Sindy yang mendengar percakapan suami dan sahabat kurang akal sehatnya itu membuat senyum di wajahnya terus terpancar.


📞 Sudah-sudah besok kita ketemuan saja dari pada pusing, sudah dulu oke. (menutup telpon sepihak, padahal Daylon masih belum selesai mengeluarkan keluh kesahnya)


Cheval merasakan dirinya di umpat tidak ada habis-habisnya sebab sedari tadi usai bertelepon ia bersin berkali-kali sampai ingusnya keluar.


"Sial, di umpat Daylon ini." Su'udzon tingkat tinggi mentang-mentang baru telpon dengan dirinya.


"Jangan su'udzon dulu Aa, gak baik dosa loh," mengingatkan sambil tangan telunjuknya menunjuk ke arah atas.


"Iya sayangku, tapi siapa lagi yang membicarakan aku kecuali dia?" Cheval memeluk perut Sindy dan mengusap bagian yang di jahit.


"Sudahlah Aa, Aa selalu su'udzon nya tingkat tinggi!" Sindy kesal sekali dengan sikap suaminya, kenapa selalu berpikir yang tidak-tidak. Bukannya jika ada orang lain yang membicarakan tentang kita, kita harus menerima dalam artian tidak menggunjingnya juga.


"Baiklah istriku yang cantik, Aa janji tidak akan pernah membicarakan orang lain apalagi sampai su'udzon pada orang lain sekalipun orang itu menjelek-jelekkan Aa." Cheval menautkan jari kelingkingnya ke jari Sindy.


"Nah, seperti ini baru Aa Cheval yang aku kenal dan benar-benar suami aku," mencium pipi Cheval.


"Jangan buat aku tersipu malu dong sayang, main cium-cium seperti masih ABG saja." Memegang pipinya yang baru saja di cium.


"Benar juga ya sayang, oh ya Sindy yuk kita foto flash back saat-saat SMA dulu kayaknya seru deh." Cheval tiba-tiba mengajak foto pakai pakaian lama.


"Enggak lah Aa, nanti banyak yang baper lagi sebab Aa pakai seragam SMA lagian pesona Aa masih banyak loh ditambah lagi Aa sudah mapan," sambil mengerucutkan bibirnya.


"Takut jadi bahan pemandangan orang lain ya." Sambil mencolek-colek dagu Sindy.


"Apaan sih Aa, enggak ya," elaknya manja.


Mereka berdua damai bahagia dan sejahtera.


Keesokan harinya.


Daylon sengaja mengambil cuti untuk beberapa minggu sekitar 1 setengah Minggu saja lagian ini libur terpanjangnya yang pernah ia ambil, pusing sebenarnya pikiran Daylon.
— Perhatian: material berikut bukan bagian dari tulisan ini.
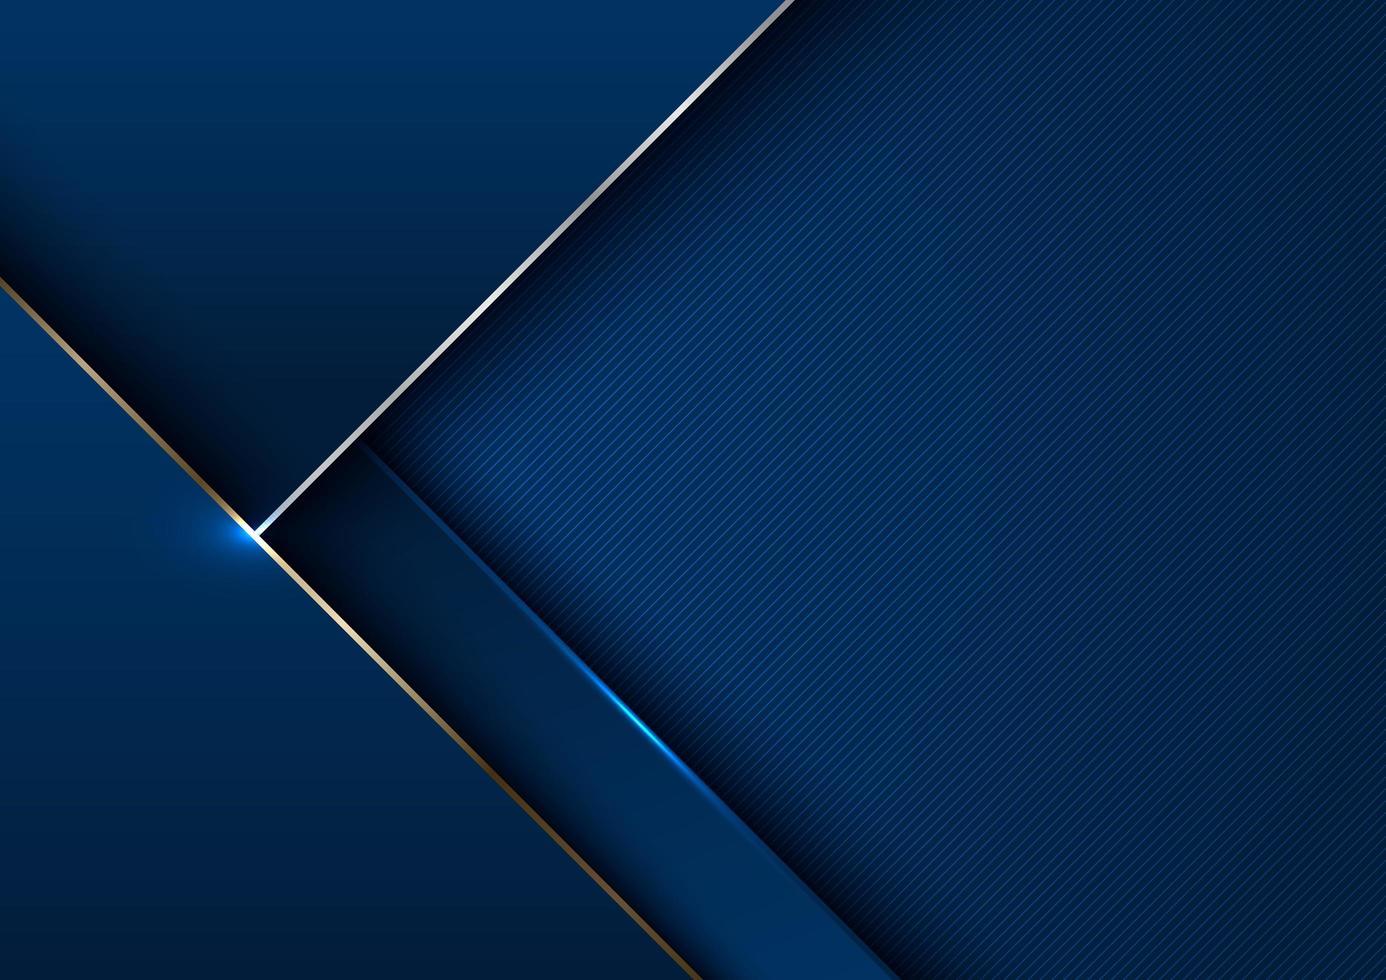 modèle élégant abstrait bleu géométrique avec or métallique vecteur

Kenapa bisa-bisanya ia harus mengenal anak dari sahabatnya, bukan sahabat tapi saling membantu dan membutuhkan waktu itu. Andai waktu dulu Daylon tidak di tolong oleh Rafi dan berakhir balas Budi untuk meminang anak gadisnya.


"Beneran adik angkatnya Filan? yang mau di jodohkan dengan Lo?" rasanya mulut Cheval mau meledak tawanya namun ia tahan demi sahabatnya supaya tidak tersinggung, kasihan jika tersinggung takutnya gak mau nikah nanti.
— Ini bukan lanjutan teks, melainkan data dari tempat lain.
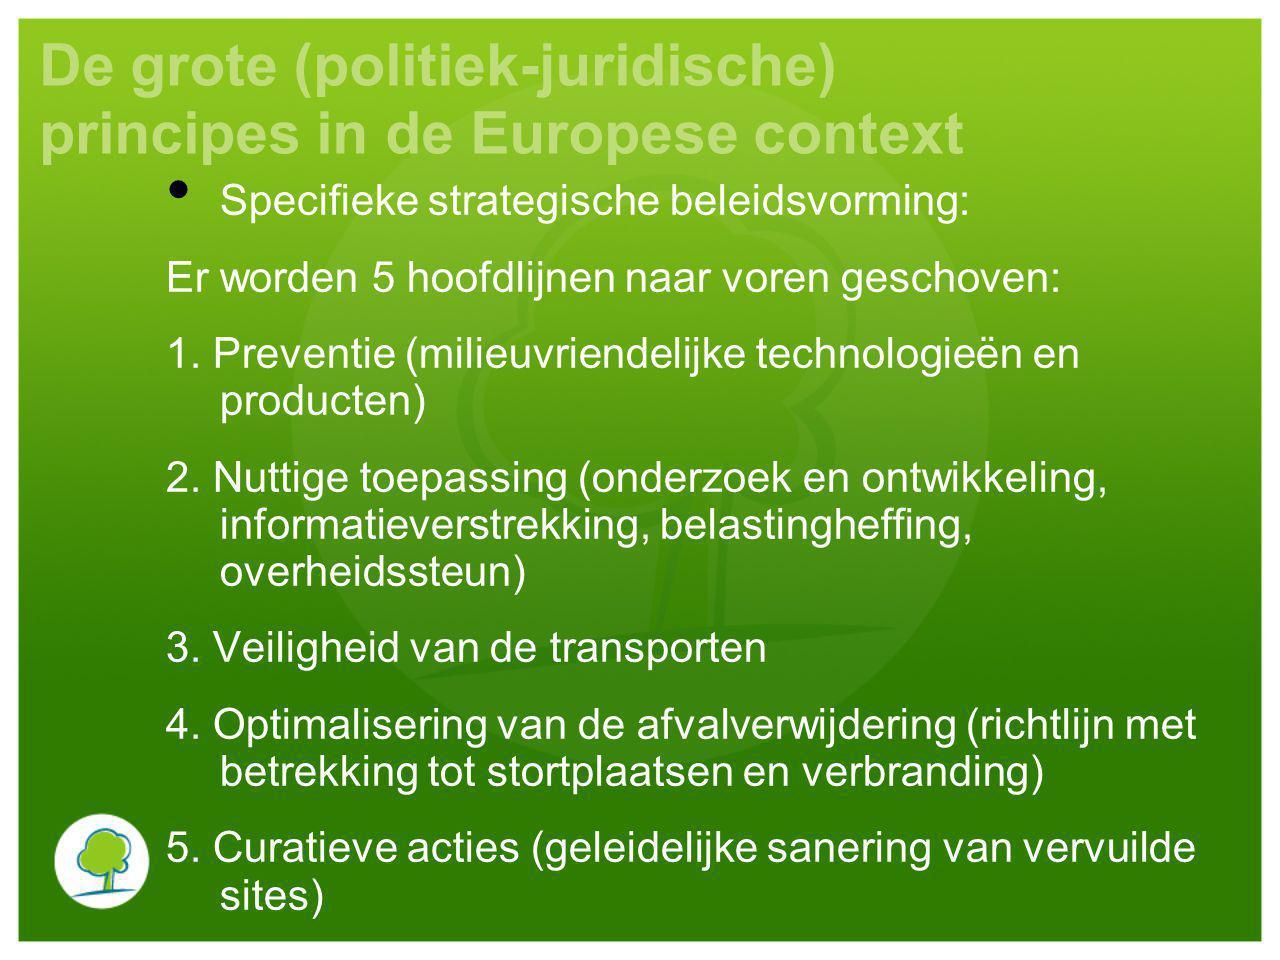 De grote (politiek-juridische) principes in de Europese context Specifieke strategische beleidsvorming: Er worden 5 hoofdlijnen naar voren geschoven:

"Iya, gila kan. Gue takut jika adiknya agresif dan tidak seperti gadis-gadis yang lemah lembut!" bukan hawatir namun terdengar takut jika dia minta satu macam yaitu di atas ranjang.


"Ya layani saja jika minta di buatkan adik bayi." Sindy menutup mata dan dahinya, saran apa ini? bukannya ini saran yang sesat.


Suaminya ini mengapa vulgar sekali ketika berbicara pada sahabat-sahabatnya.


"Gila kamu Val, masa minta begituan di turuti sih. Gue bukan orang yang mudah nafsuan jadi hal itu gak akan gue lakukan jika bukan karena sadar dan cinta padanya," membenarkan rumor yang hampir menjatuhkan popularitas nya di dunia perkapalan.


"Masih suci?" tanyanya berbisik.


"Ya masih lah!" jawabnya sewot.


"Sabar bro sabar gak usah sewot seperti itu kali Day." Cheval menyeruput kopinya.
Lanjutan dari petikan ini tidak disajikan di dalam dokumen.